Provided data Start Marker
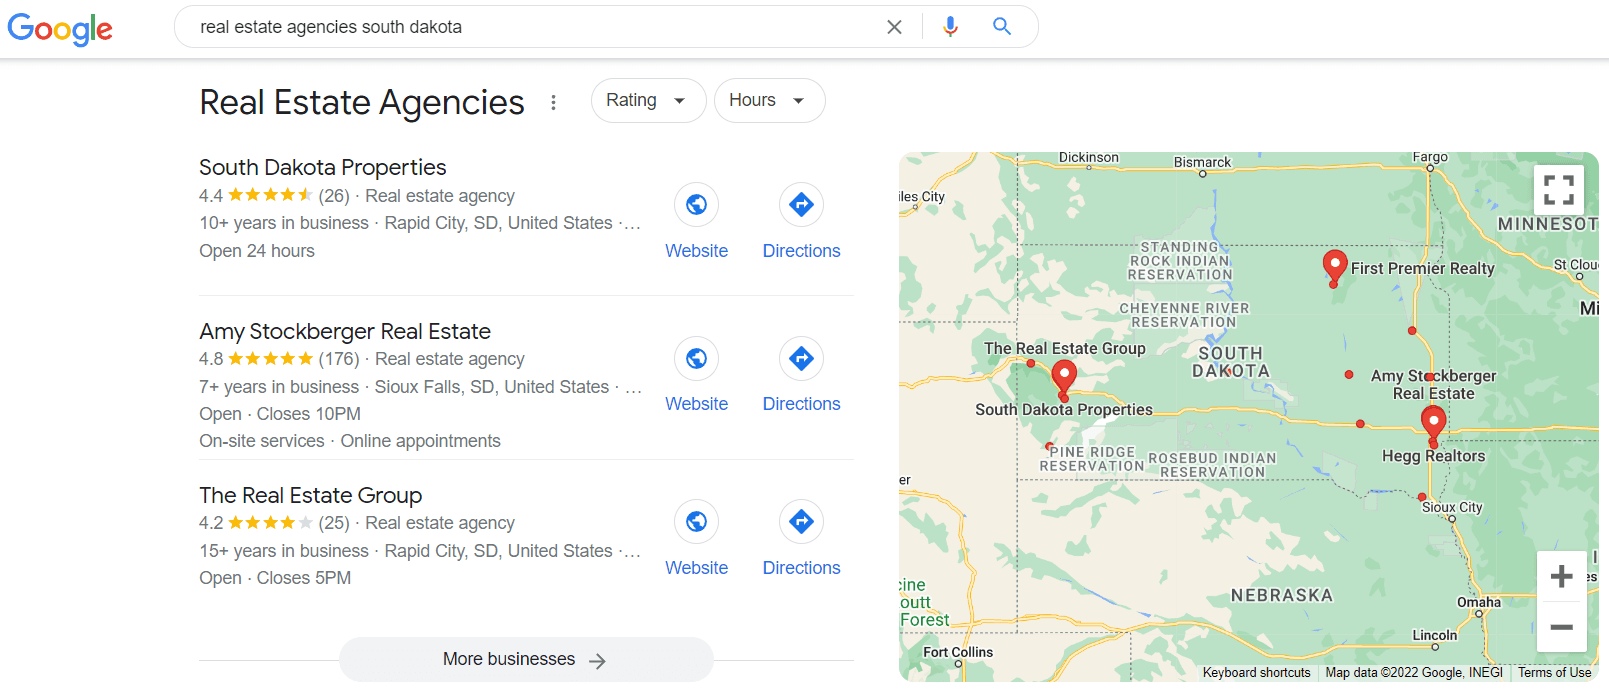 Real Estate Agencies South Dakota Google Search
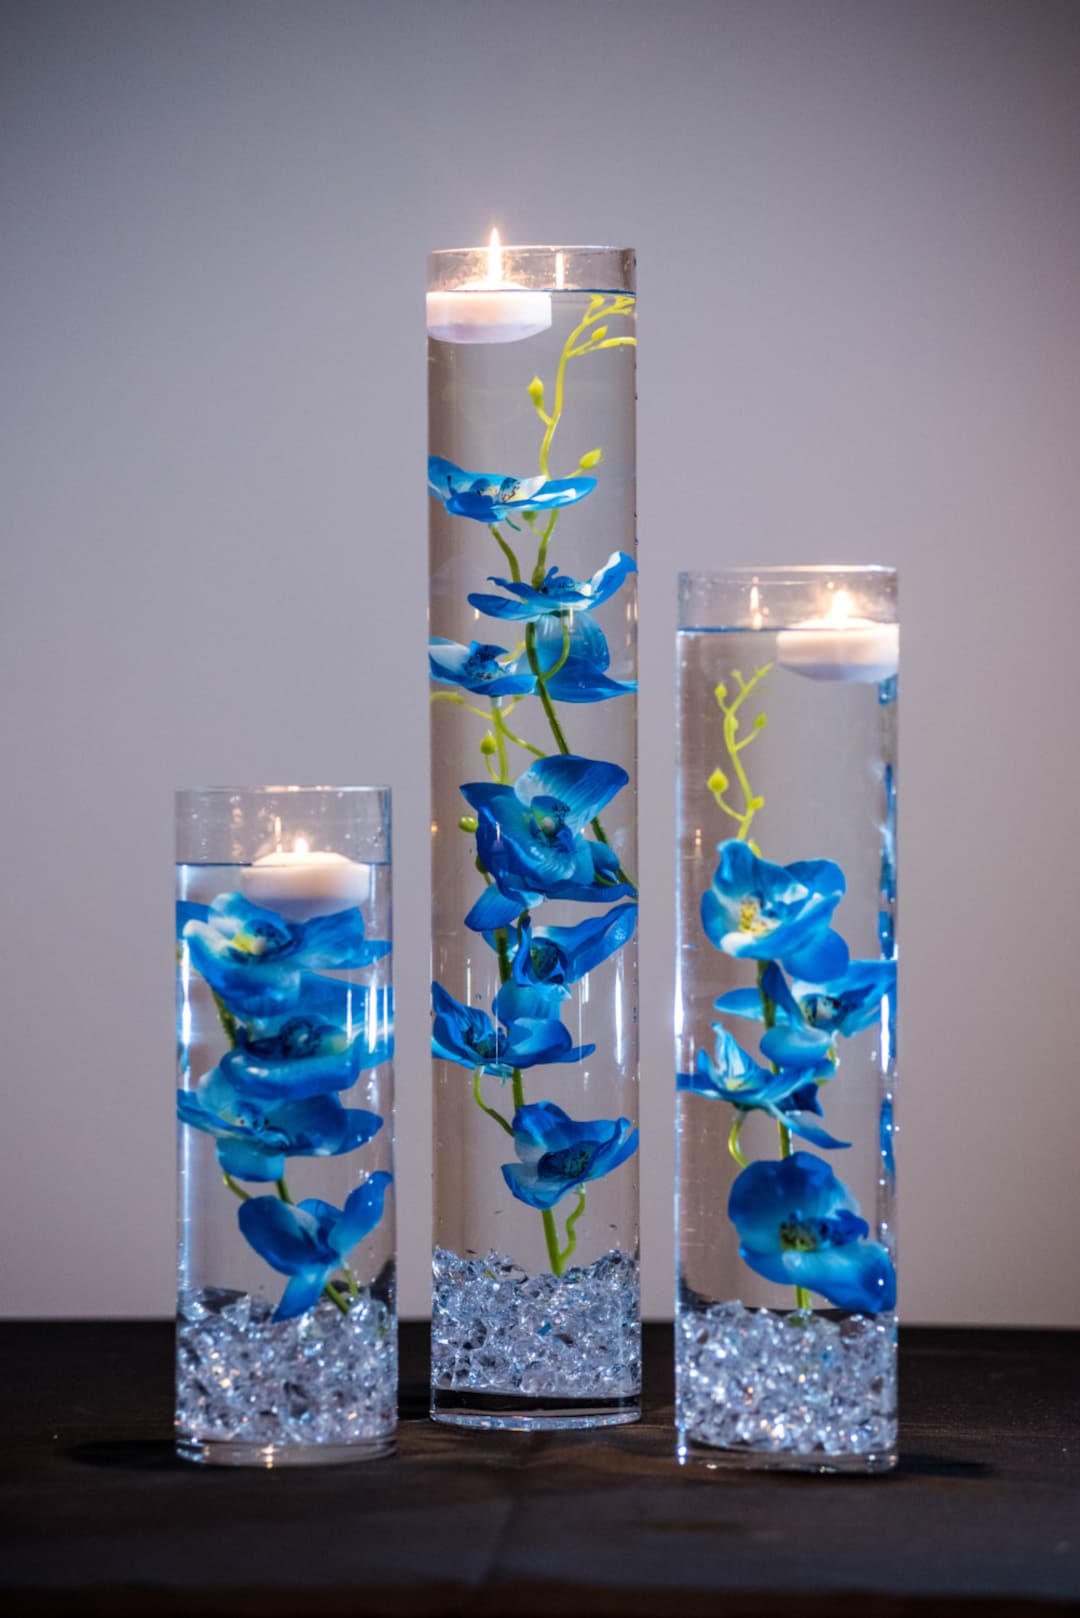 Light Blue Acrylic Rain Drop Beads Decorative Vase Filler
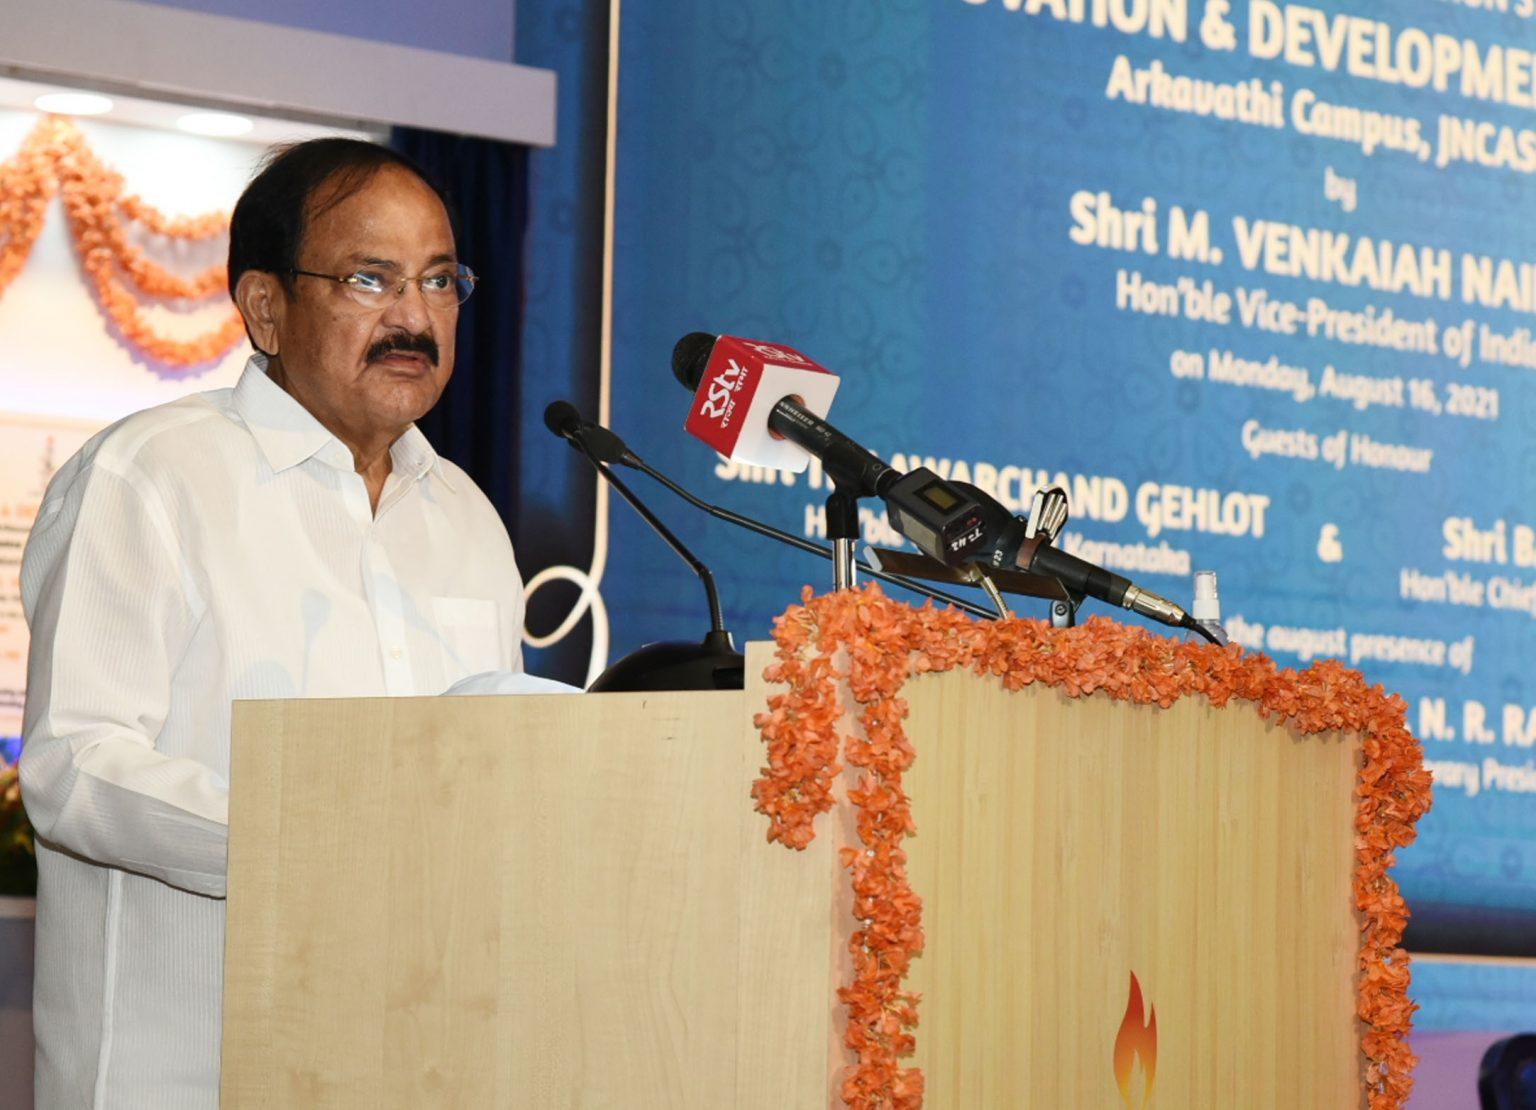 Venkaiah Naidu laid foundation stone of Innovation and Development Centre
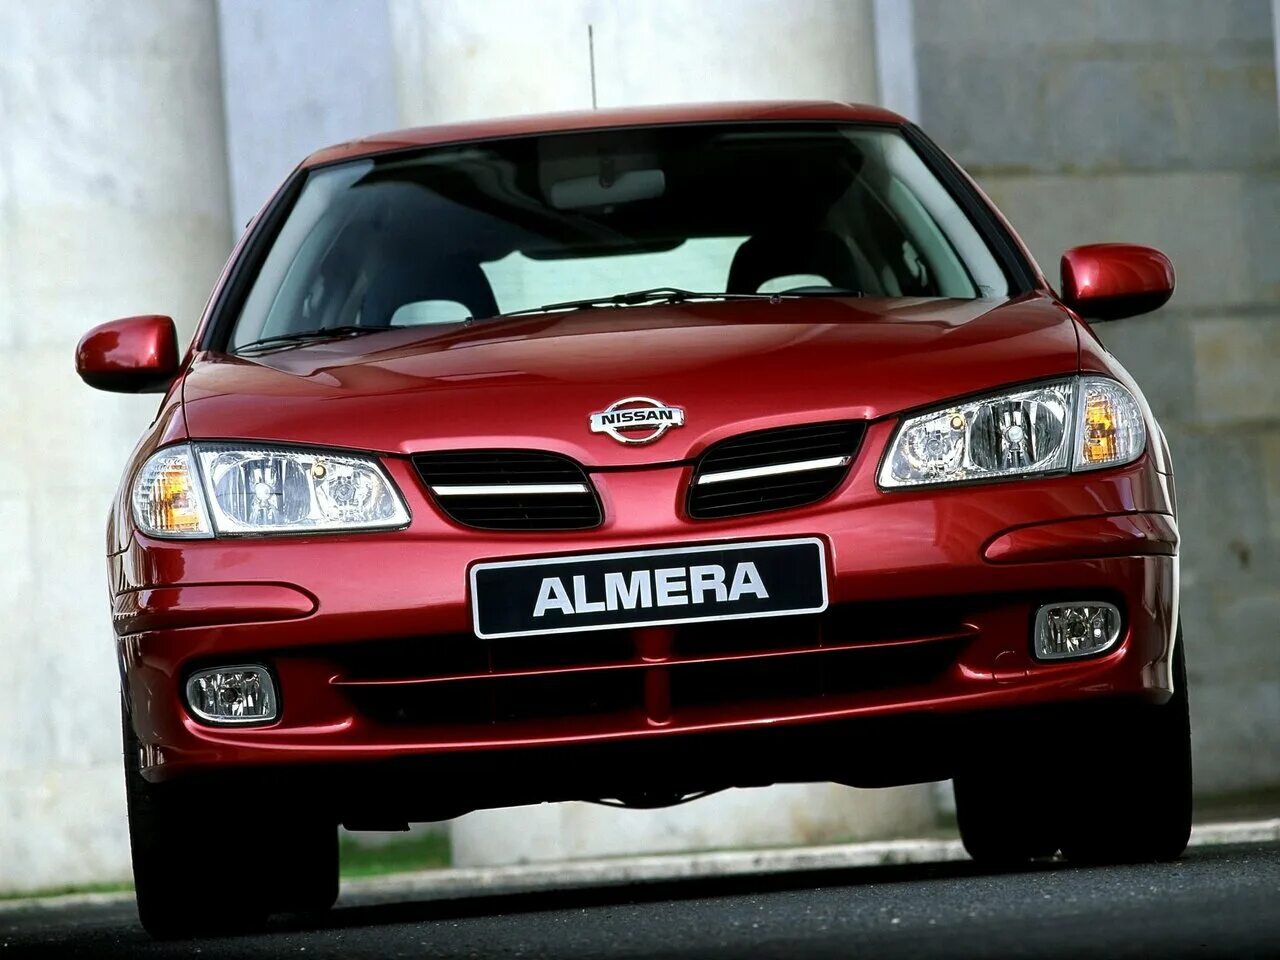 N16 хэтчбек. Nissan Almera n16. Nissan Almera II (n16). Nissan Altima n16. Nissan Almera n16 2000.
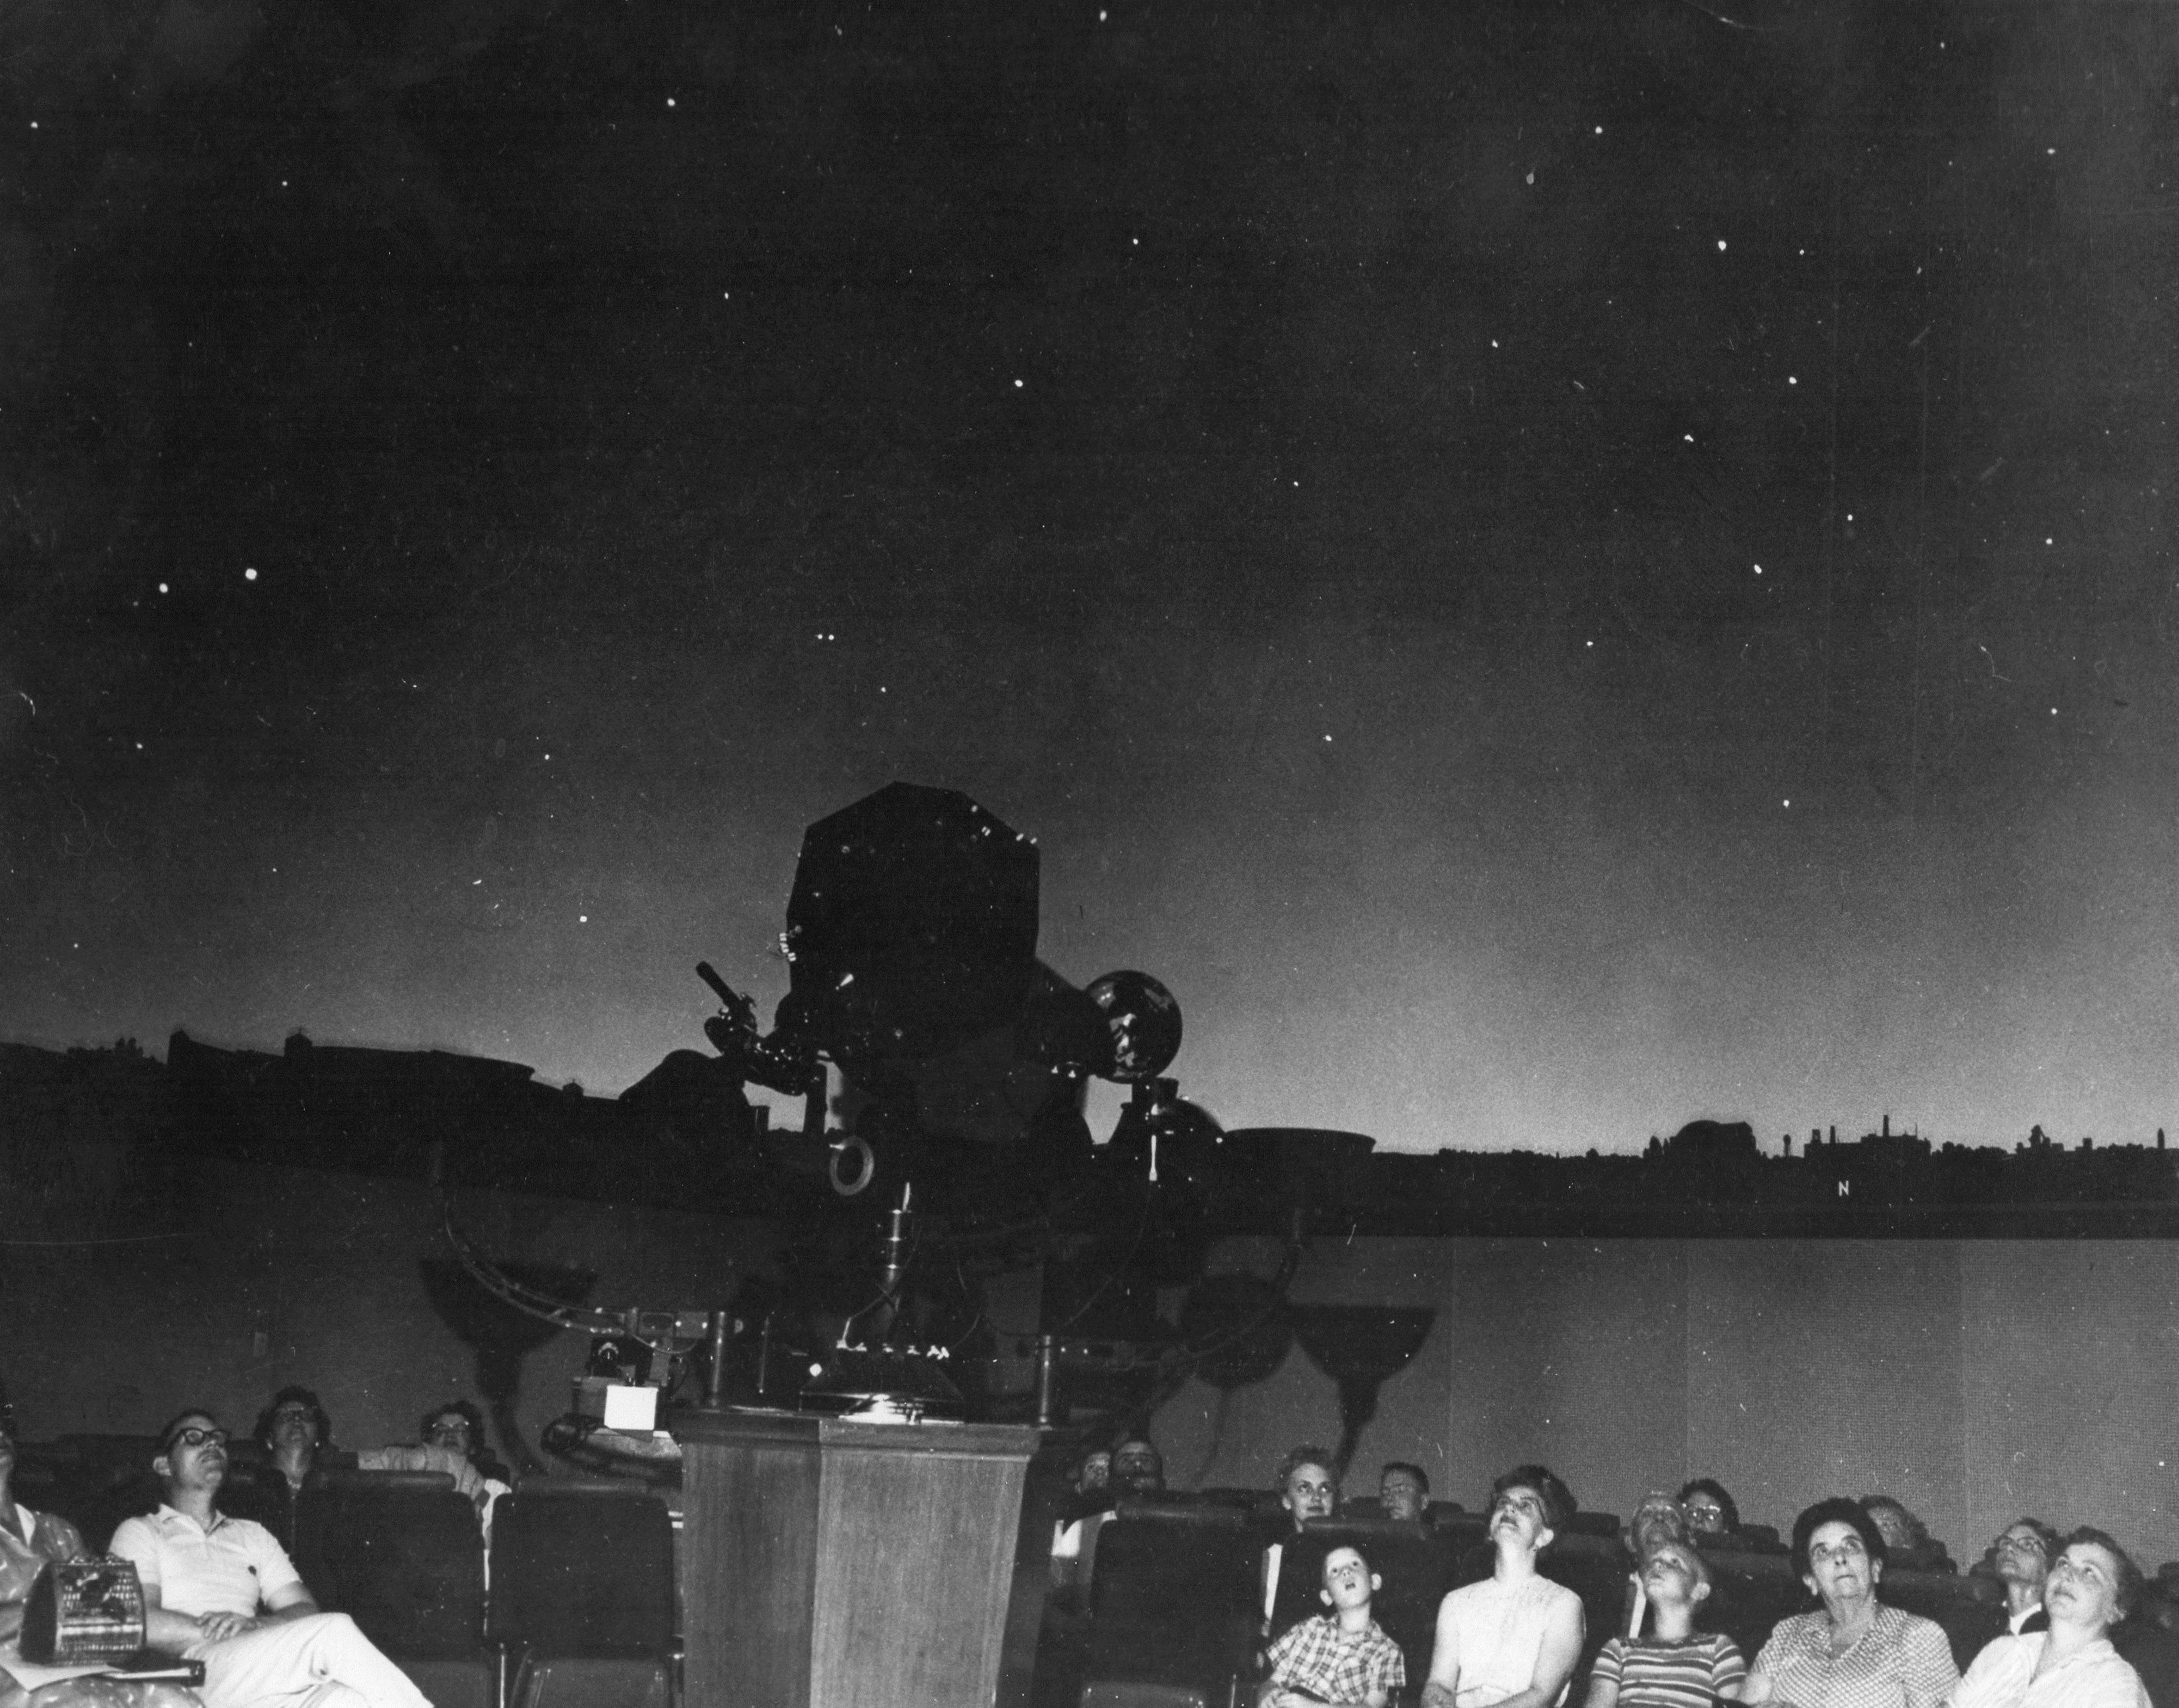 First star projector, Spitz A-2 (1958)
Provided data End Marker
Work required: The finished answer is an exact repetition of the listing, with every picture removed.

Exercise solution:
 Real Estate Agencies South Dakota Google Search
 Light Blue Acrylic Rain Drop Beads Decorative Vase Filler
 Venkaiah Naidu laid foundation stone of Innovation and Development Centre
 N16 хэтчбек. Nissan Almera n16. Nissan Almera II (n16). Nissan Altima n16. Nissan Almera n16 2000.
 First star projector, Spitz A-2 (1958)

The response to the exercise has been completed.